(Collected data)
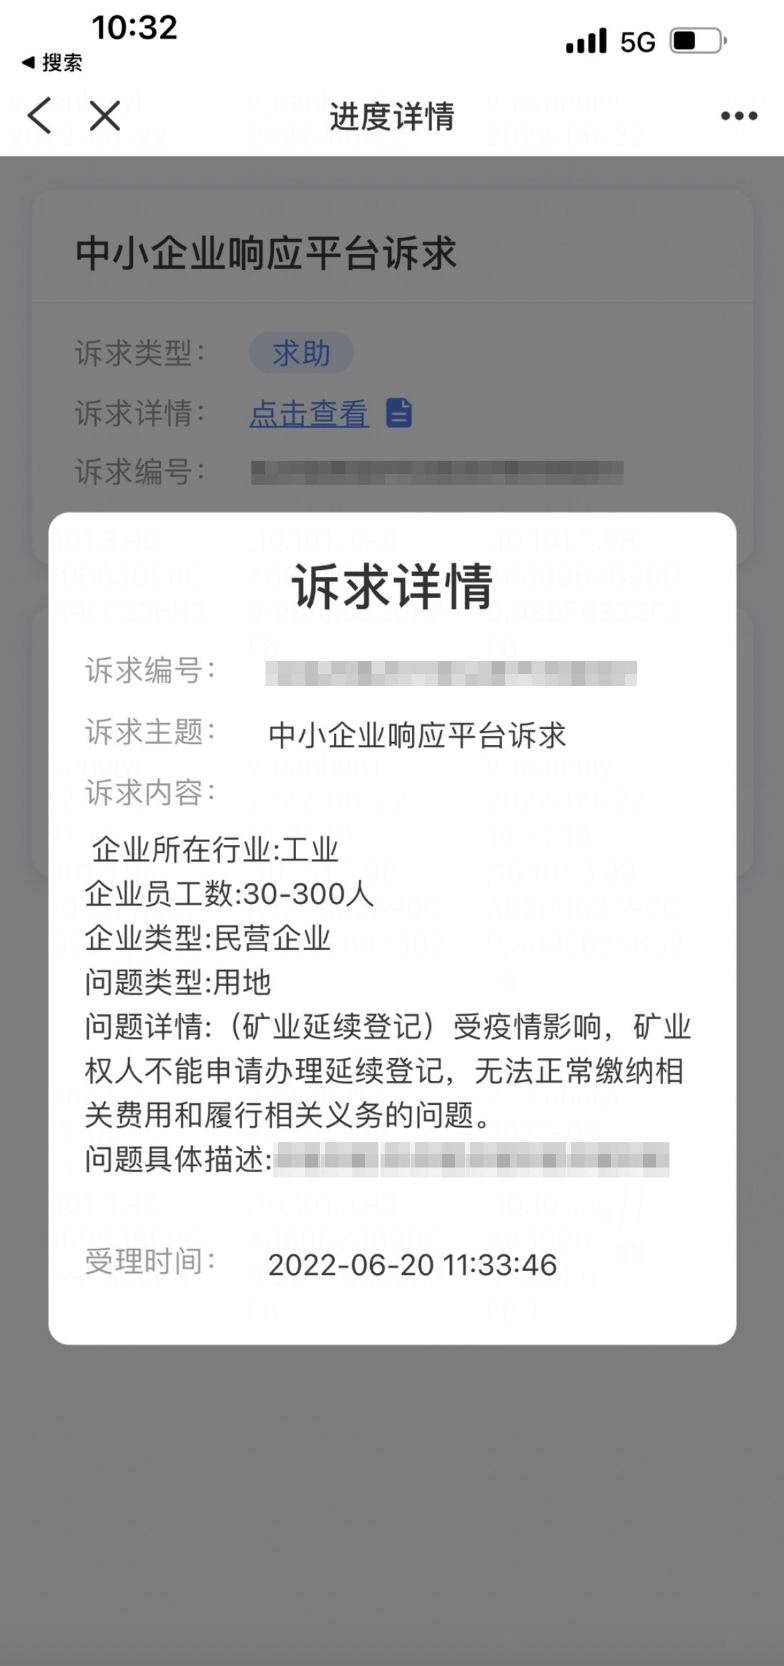 粤商通App诉求响应平台.png
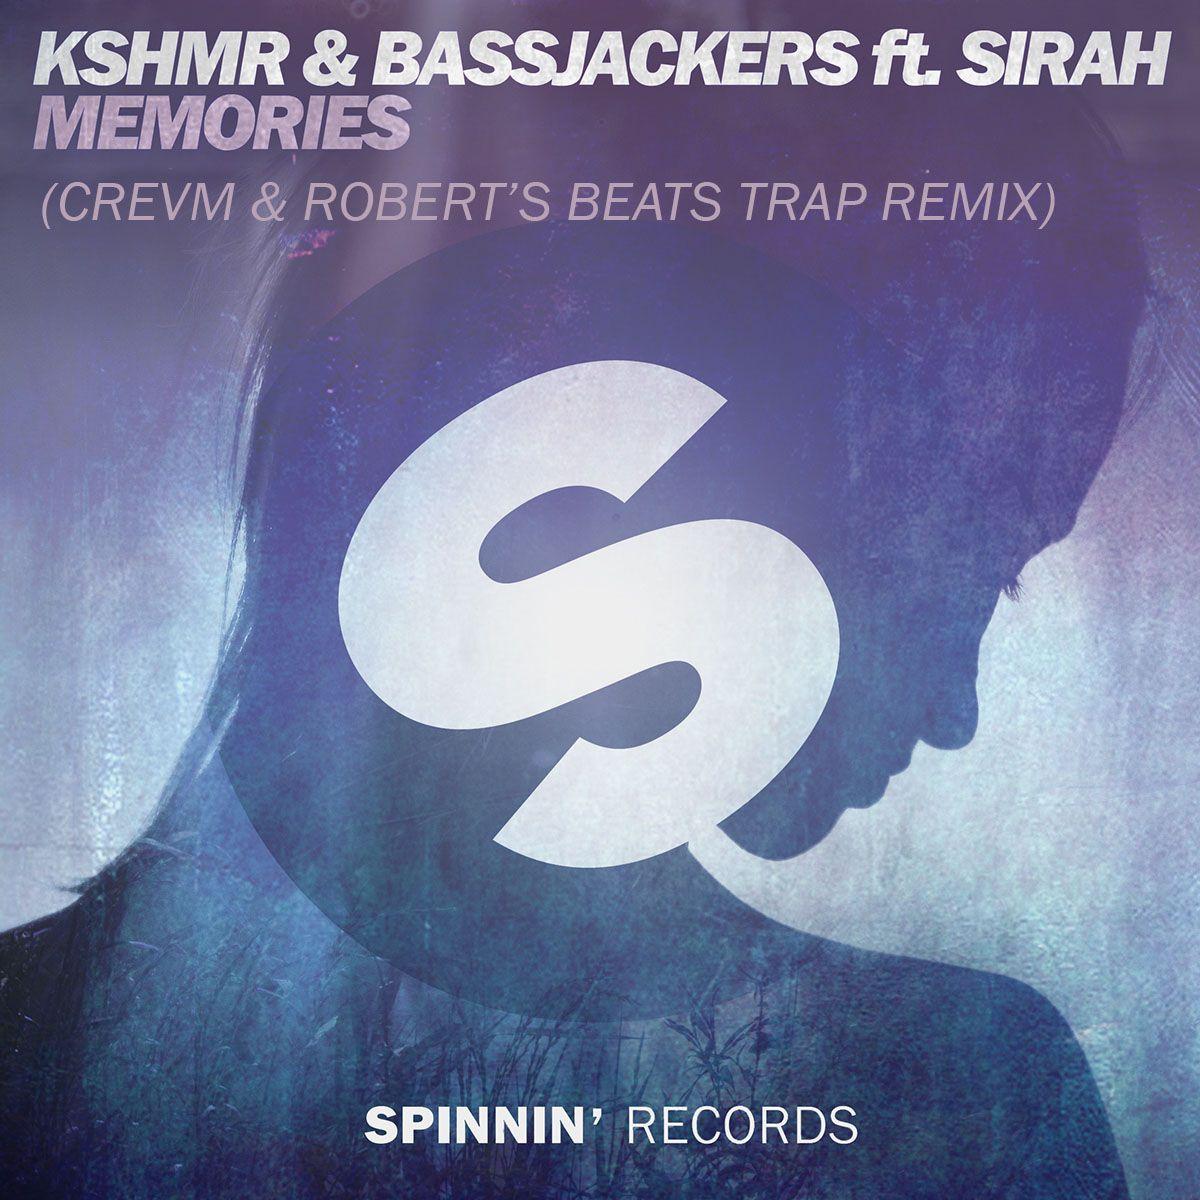 KSHMR & Bassjackers Feat. Sirah CREVM & Robert's Beats
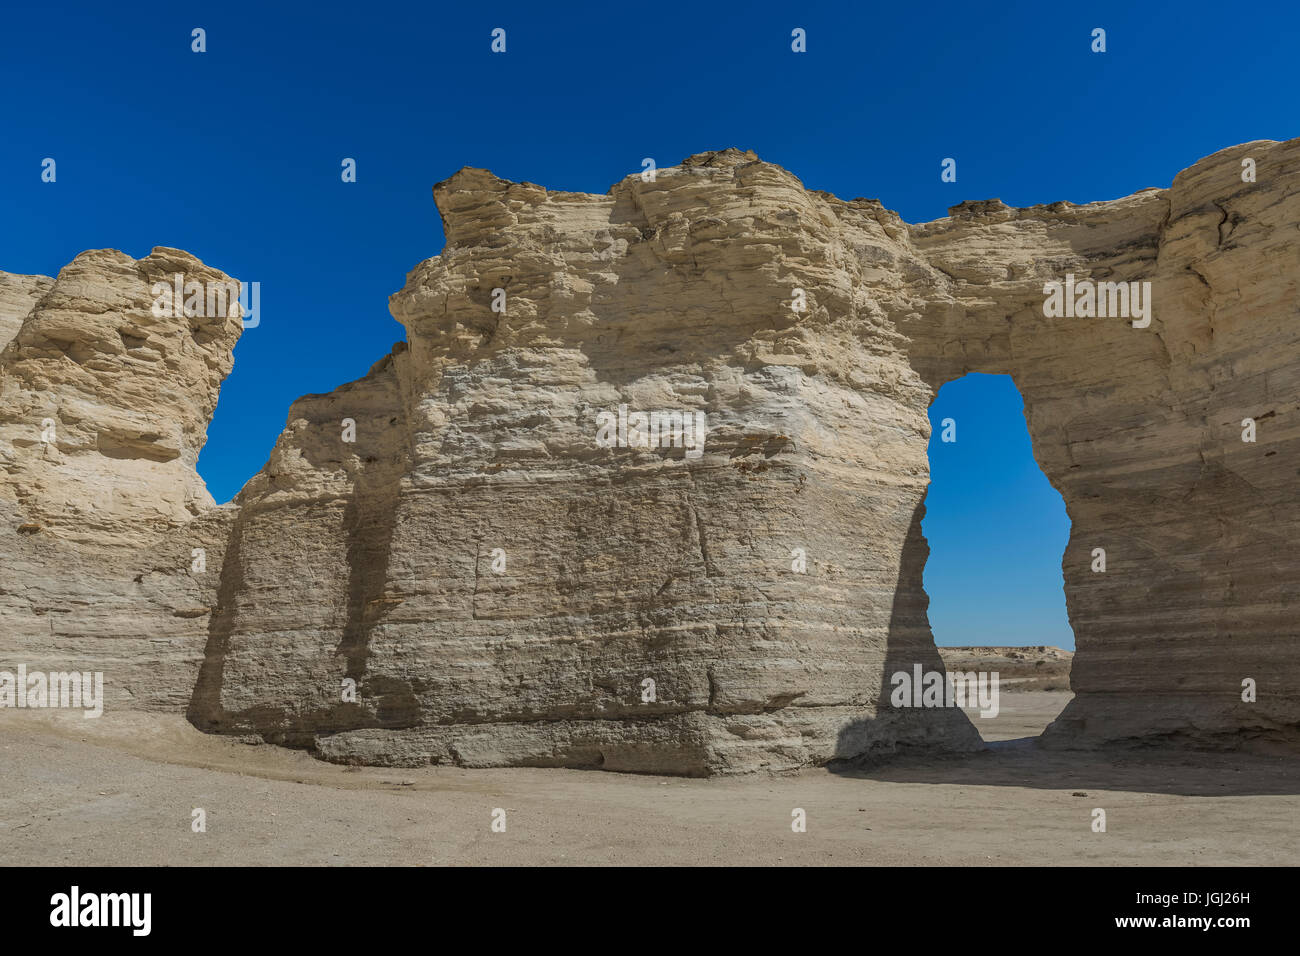 Das Auge der Nadel Bildung bei Monument Rocks, aka Kreide Pyramiden, die erste nationale Natursehenswürdigkeit in den Vereinigten Staaten, und diejenige priva Stockfoto
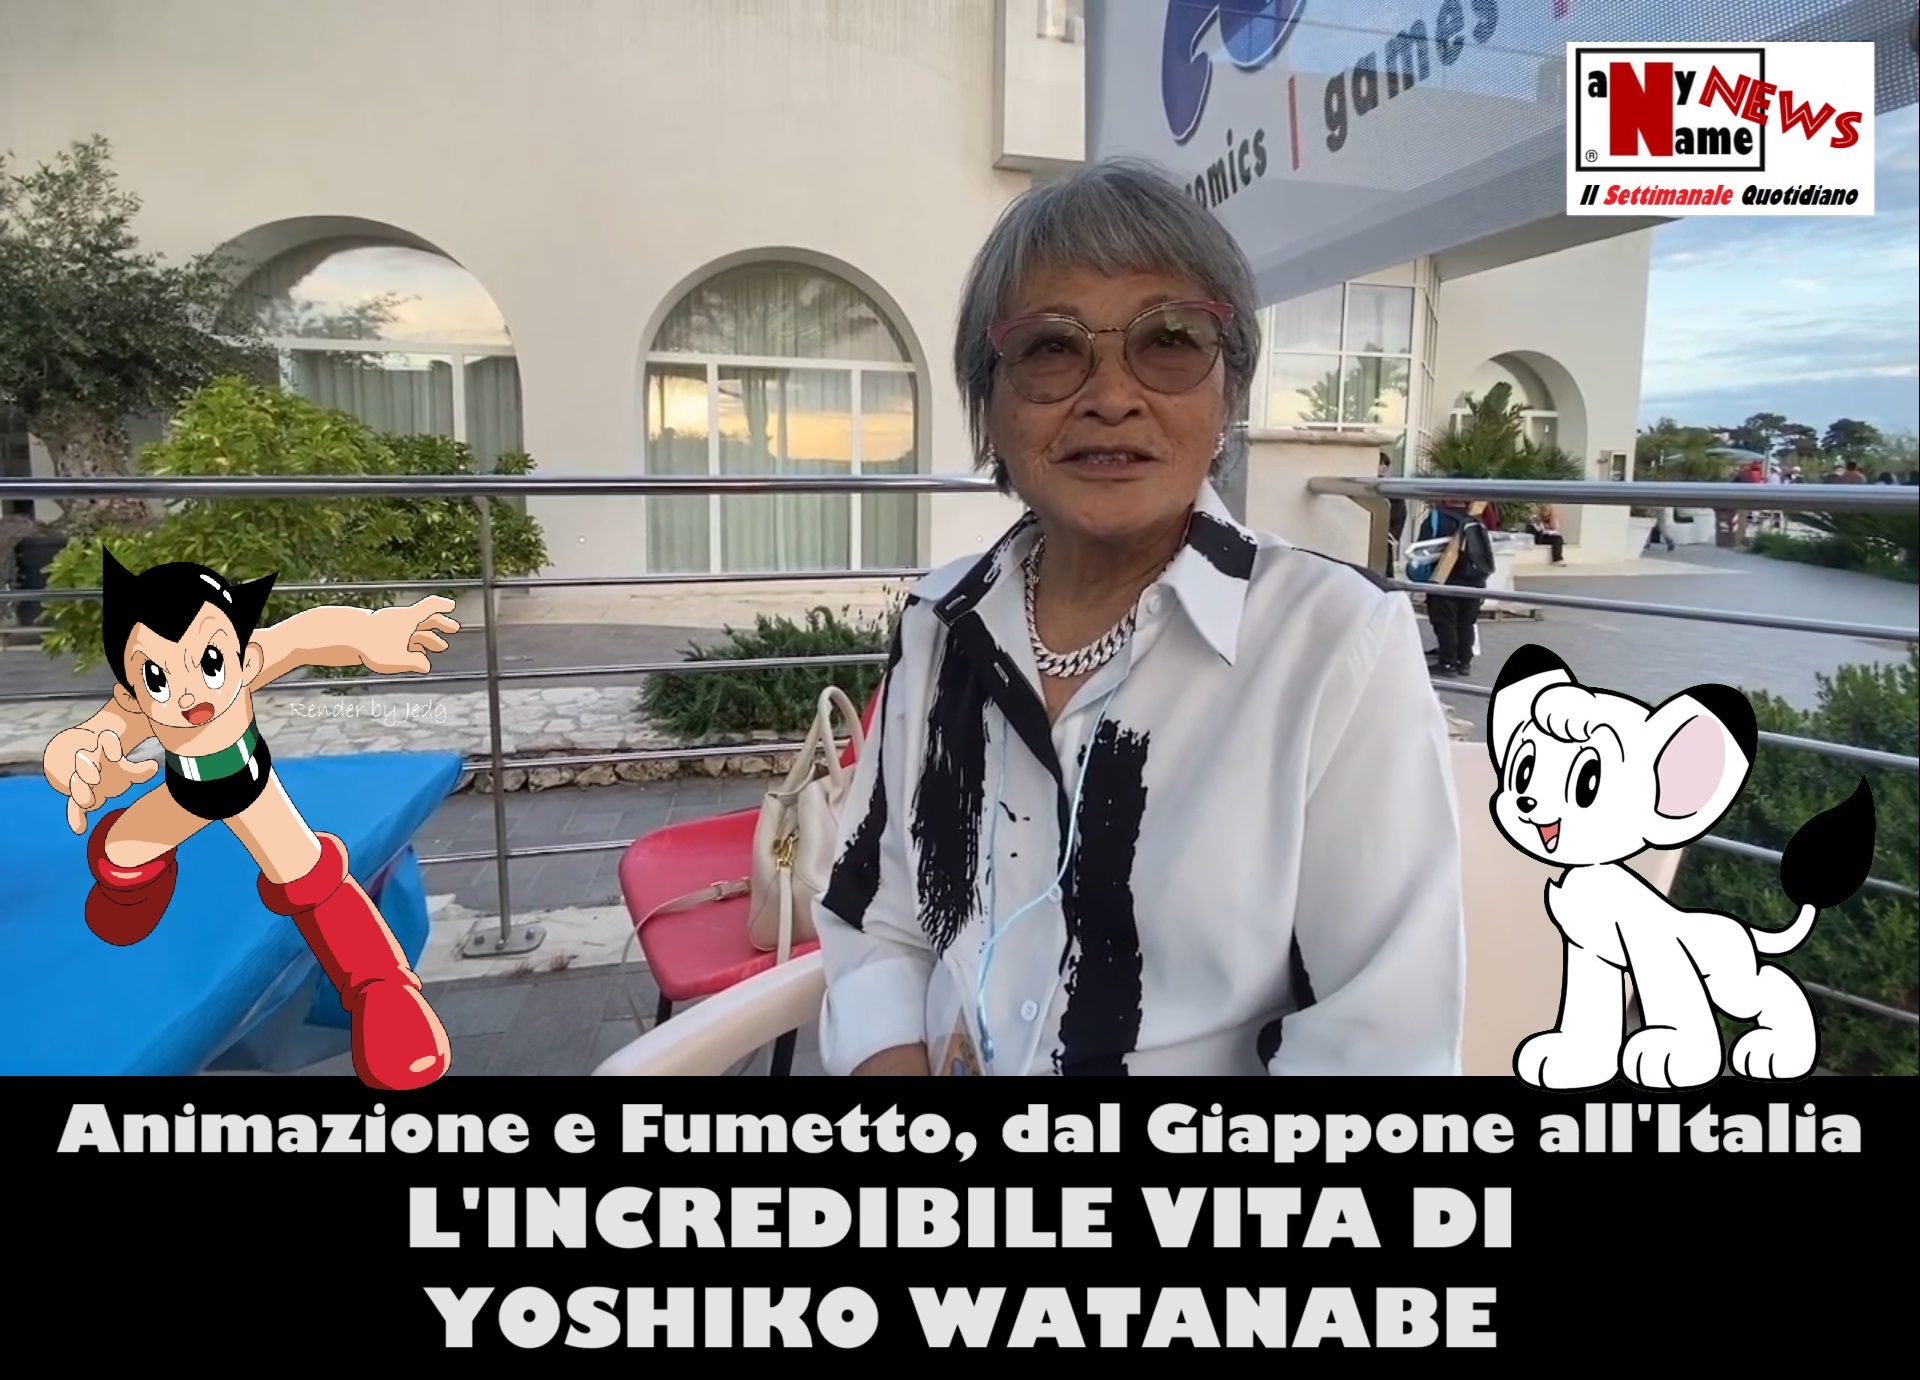 Animazione e Fumetto, dal Giappone all’Italia. L’incredibile vita di YOSHIKO WATANABE
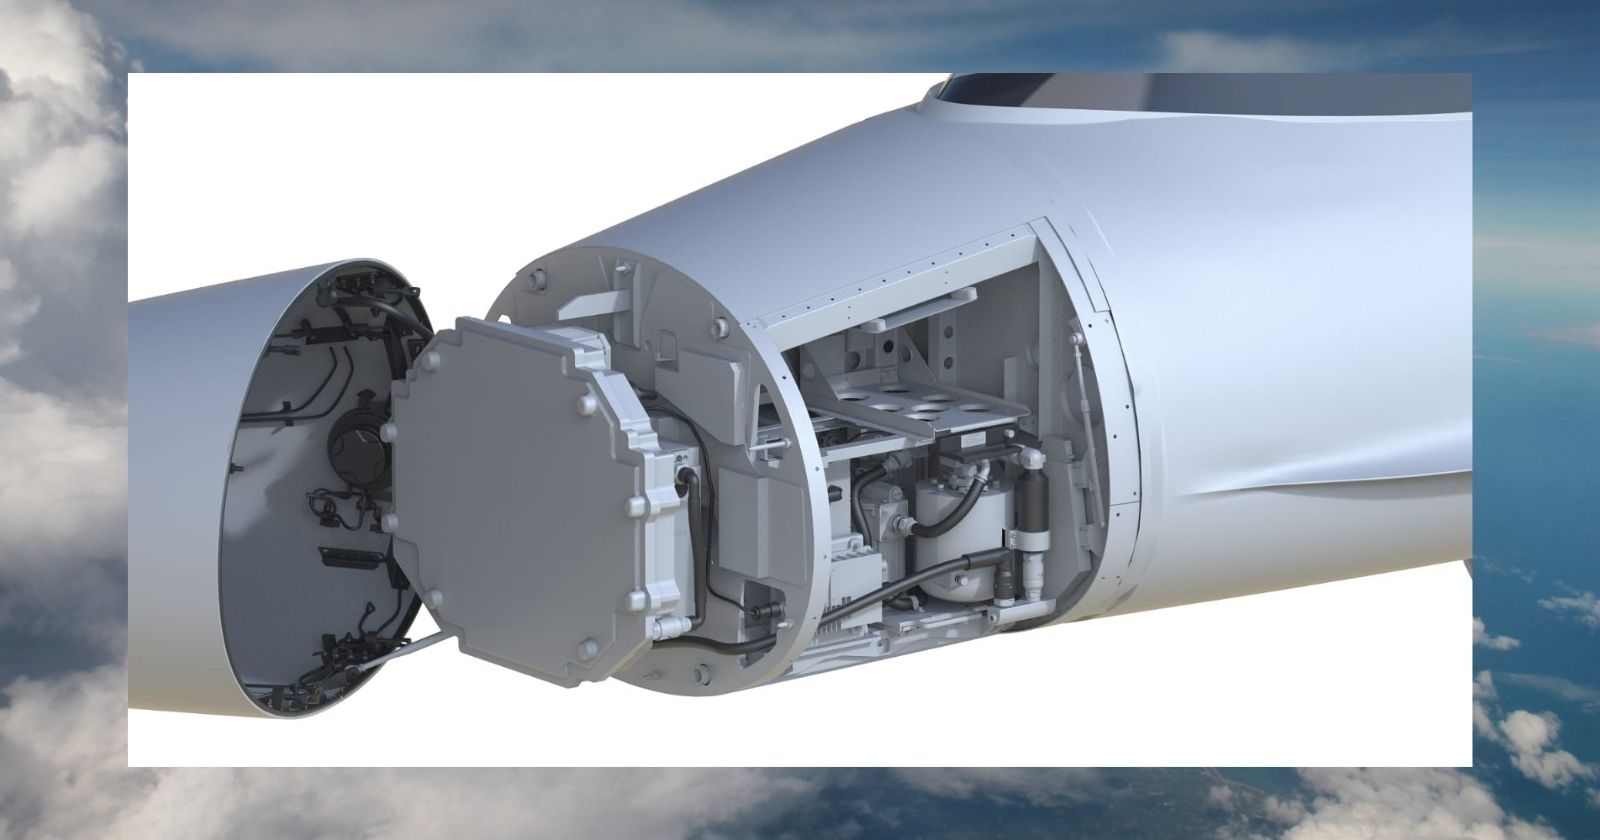 Artik ABD dusunsun Aselsan AESA radari ilk ucusunu gerceklestirdi

→ TASK STATEMENT
Word for word, reproduce all the data, but not the pictures.

→ WRITTEN SOLUTION
 粤商通App诉求响应平台.png
 KSHMR & Bassjackers Feat. Sirah CREVM & Robert's Beats
 Das Auge der Nadel Bildung bei Monument Rocks, aka Kreide Pyramiden, die erste nationale Natursehenswürdigkeit in den Vereinigten Staaten, und diejenige priva Stockfoto
 Animazione e Fumetto, dal Giappone all’Italia. L’incredibile vita di YOSHIKO WATANABE
 Artik ABD dusunsun Aselsan AESA radari ilk ucusunu gerceklestirdi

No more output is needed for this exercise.